Ce qu’ils nous font… (Juin 2026)
Ce que je vais vous raconter, ce n’est pas une histoire quelconque. C’est une histoire à quatre voix, bien réelles, qui ne sont pas le fruit de l’imagination, humaine ou artificielle. C’est mon histoire, l’histoire de celles et ceux qui m’entourent, dont je croise parfois le regard et que j’ai rencontrés pour cet article. C’est aussi votre histoire, celle des conséquences concrètes des décisions du gouvernement dans la vie des gens, dans le réel.
Pas tous nés sous la même étoile
Nous nous appelons Sofia, Julie, Lydia et Claudia. Sofia, Lydia et moi sommes filles d’immigrés. Toutes les quatre sommes issues de quartiers populaires, « ceux dont les écoles n’allaient pas à Génies en Herbe », comme l’exprime Julie, même si elle reconnaît n’avoir manqué de rien dans l’enfance. Moi non plus. Nos parents se sont battus pour que l’on fasse des études et les jobs d’étudiants ont permis à Julie d’arriver au bout. Pour Sofia et Lydia, l’enfance était déjà plus compliquée. Sofia explique n’avoir pas eu l’insouciance de l’âge, ayant déjà des responsabilités d’adulte dès l’adolescence, pour aider ses parents. Des problèmes de santé en secondaire aussi. Et un climat familial difficile qui l’empêchera de réaliser son rêve de devenir assistante sociale ou psychologue. Partie tôt de sa famille, pour vivre avec son mari, elle tombe rapidement enceinte. Lydia, elle, décrit son environnement comme un « milieu culturel pauvre ». Elle aimerait devenir designeuse, elle qui a toujours eu une âme d’artiste. Mais elle aussi doit abandonner son rêve, s’installe avec son compagnon, a une fille… à qui on diagnostique très tôt une maladie dégénérative. Rapidement, c’est elle qui doit tout gérer, encore plus après le départ du papa. Aux yeux de la société, Sofia et Lydia ne travaillent pas. Et pourtant, elles travaillent énormément. Sofia, mère de plusieurs enfants, est impliquée dans la vie de sa communauté religieuse, reçoit des personnes, les écoute, les oriente et gère l’ASBL, gratuitement. Lydia consacre tout son temps à sa fille dont la maladie progresse vite.
Même avec un diplôme
Après un diplôme universitaire et un début de carrière satisfaisant, Julie se retrouve face à un nouveau patron aux pratiques toxiques (demandes absurdes, revirements soudains, incompétence managériale). La corde se tend et finit par lâcher en 2016, c’est le burn out.

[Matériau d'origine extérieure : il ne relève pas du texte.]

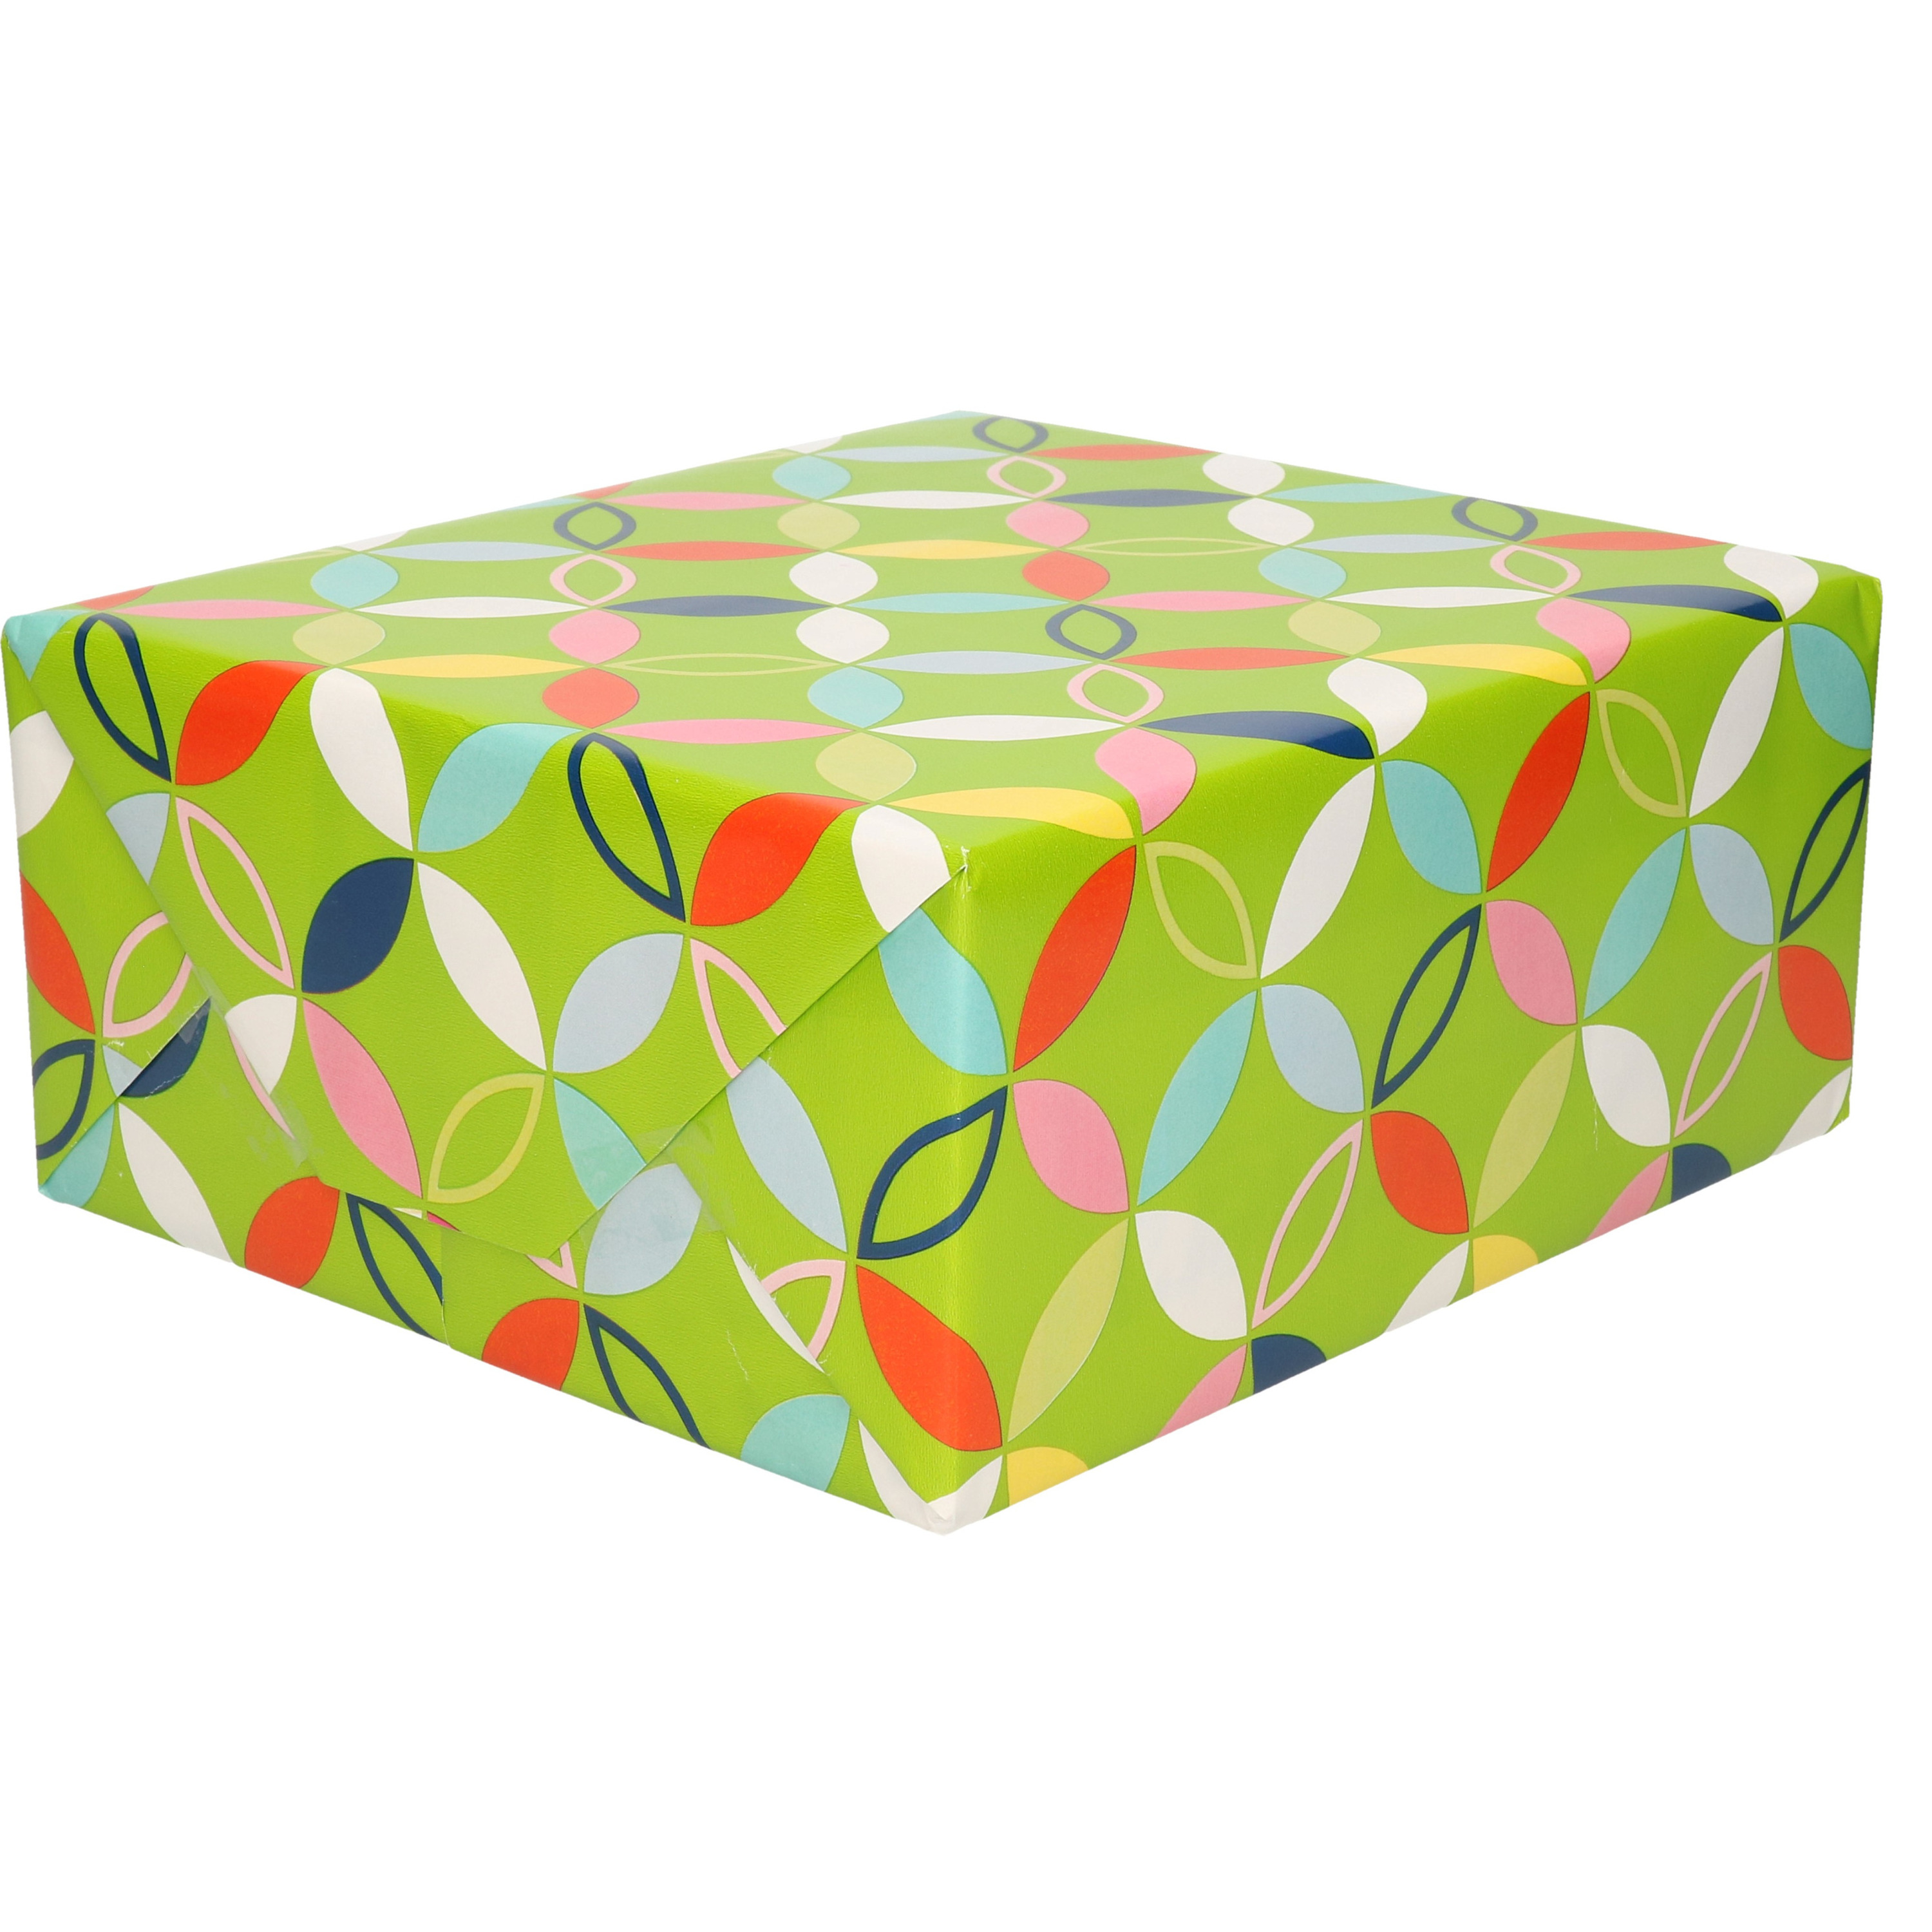 1x Inpakpapier/cadeaupapier groen met bloem figuren motief 200 x 70 cm rol

S’en suivent des doutes, des peurs et, finalement, une reconversion professionnelle dans l’Horeca. Après trois ans d’études, elle décroche un job dans un bon restaurant. Arrive alors sur très peu de temps le Covid et le décès de son papa, suivis quelques temps après par celui de sa maman. C’est trop, son corps la lâche : « Ma tension était à 20, je ne tenais plus debout ». Remplacée par un contrat illégal alors qu’elle était en maladie, son patron ne veut plus d’elle mais refuse de lui payer ses indemnités. Il faudra un vrai bras de fer qui se terminera finalement en 2022, laissant Julie complètement vidée. Après une autre mauvaise expérience suite à des conditions de travail impossibles dans une pâtisserie elle décroche enfin le boulot de ses rêves dans une cuisine qui fait du local, du bio, avec un « cadre humain ». Malheureusement, en 2024, ce sont ses mains qui lui font défaut. Deux opérations en urgence pour éviter que ses nerfs soient endommagés à vie. Mais la récupération n’est pas bonne : elle ne pourra plus cuisiner professionnellement. Elle a plus de 40 ans, plusieurs diplômes, une tonne d’expériences et pourtant, plus de boulot. De mon côté, tout se passe très bien jusqu’au jour où ma fille décède à sa naissance. J’ai alors découvert les mots incapacité, invalidité, beaucoup de culpabilité alors que l’on n’y est pour rien : les traumatismes sont peu compris, le corps et la tête ne voulaient plus collaborer. Le mi-temps médical a permis ma reprise du travail après beaucoup de batailles, de temps, d’énergie, d’argent aussi, pour faire en sorte de pouvoir fonctionner à peu près normalement, à savoir pouvoir dormir, manger, travailler.
Que fait le gouvernement ?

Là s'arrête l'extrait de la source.